### ACTION ITEM
Please quote exactly the lines below from the line containing "Thomas Edison Menlo" to the line containing "RTR MRW Equipment", both lines included, and nothing else.
SUPPLIED RECORDS START
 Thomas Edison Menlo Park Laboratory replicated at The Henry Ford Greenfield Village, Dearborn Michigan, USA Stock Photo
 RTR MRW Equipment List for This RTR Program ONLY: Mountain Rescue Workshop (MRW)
SUPPLIED RECORDS END
SUPPLIED RECORDS START
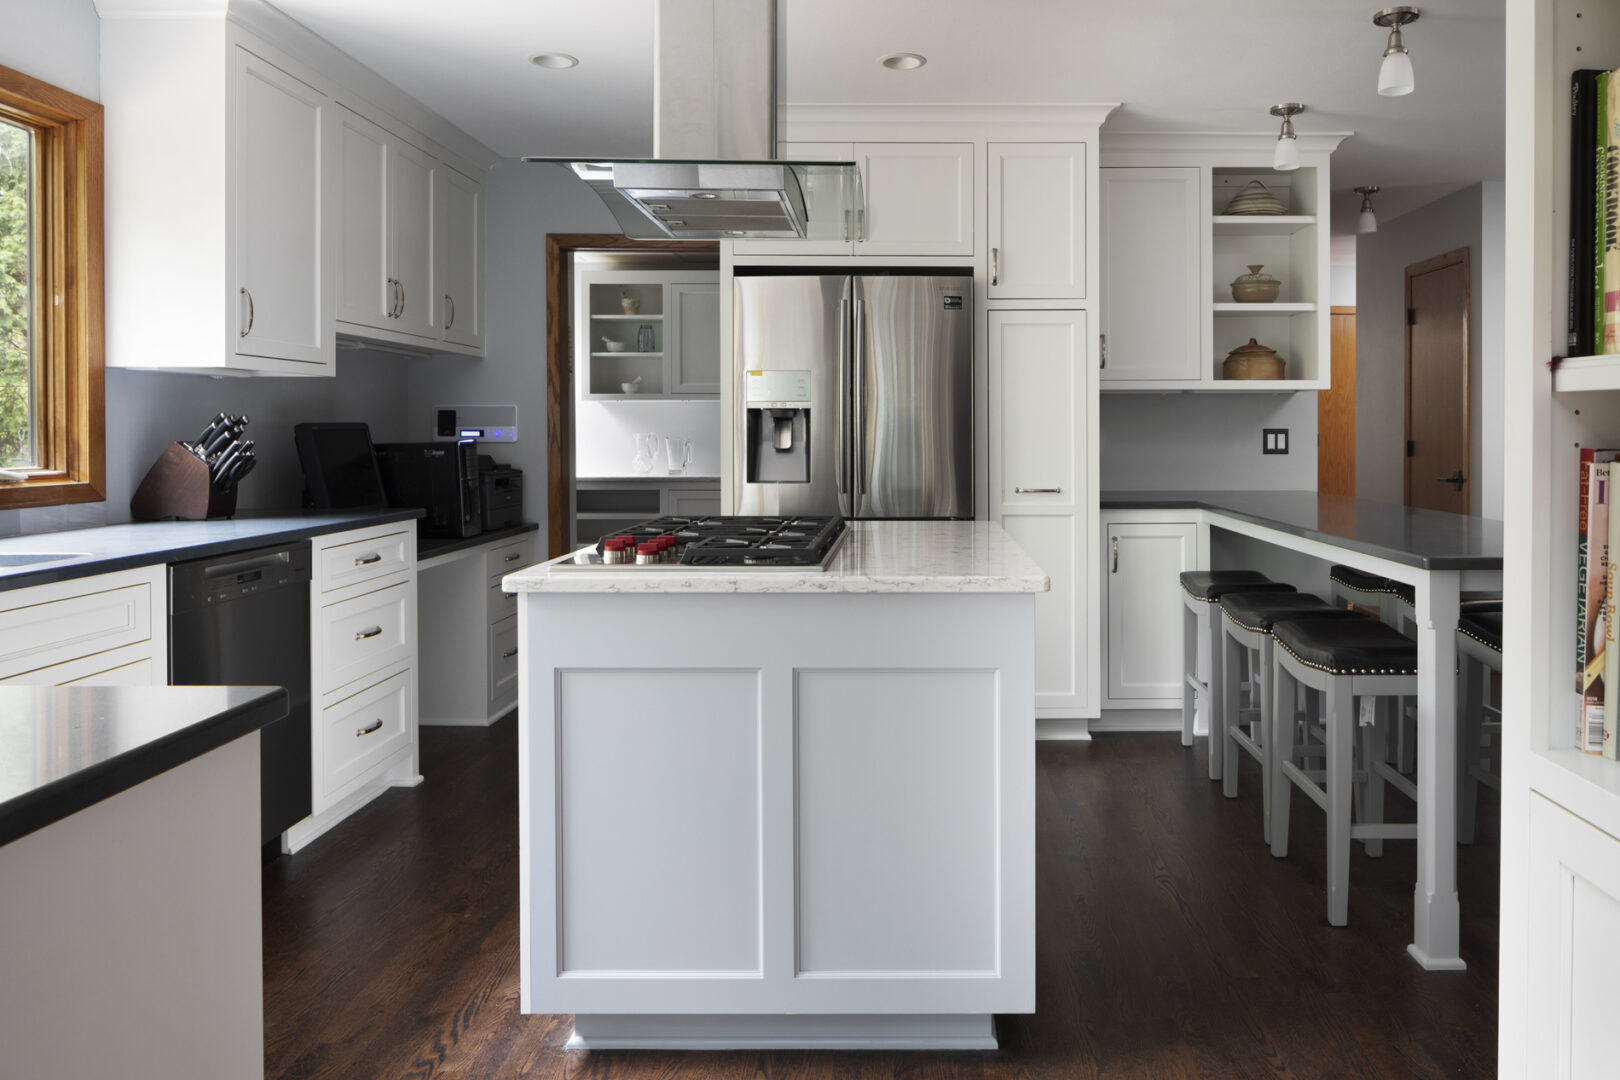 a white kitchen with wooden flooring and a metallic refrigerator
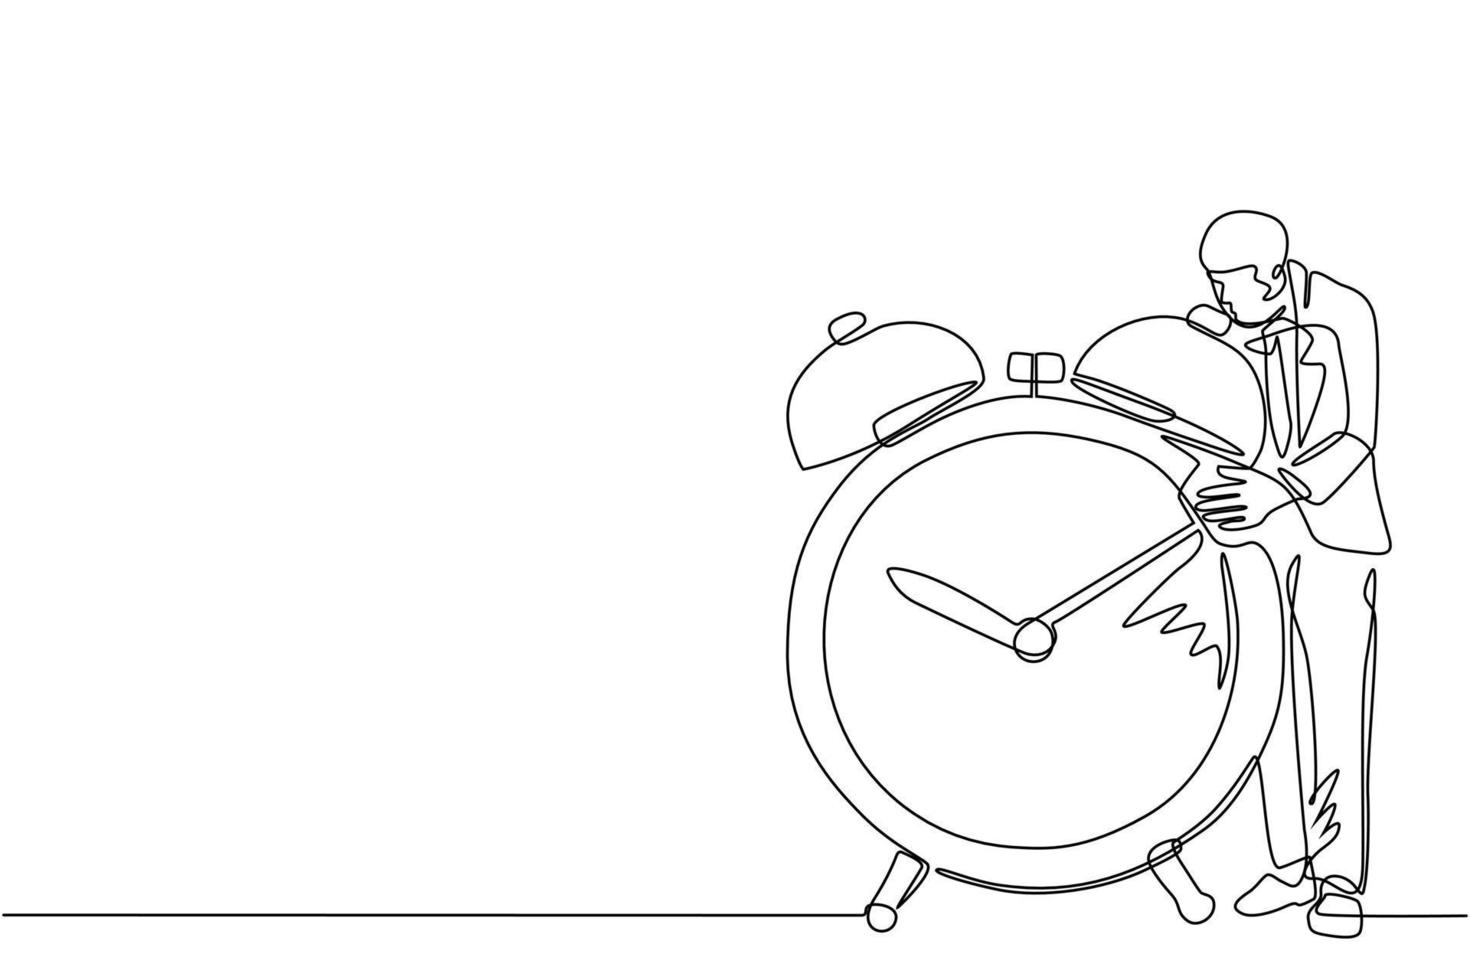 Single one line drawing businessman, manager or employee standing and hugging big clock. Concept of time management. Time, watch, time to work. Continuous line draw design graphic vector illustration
SUPPLIED RECORDS END
### OUTPUT
 Thomas Edison Menlo Park Laboratory replicated at The Henry Ford Greenfield Village, Dearborn Michigan, USA Stock Photo
 RTR MRW Equipment List for This RTR Program ONLY: Mountain Rescue Workshop (MRW)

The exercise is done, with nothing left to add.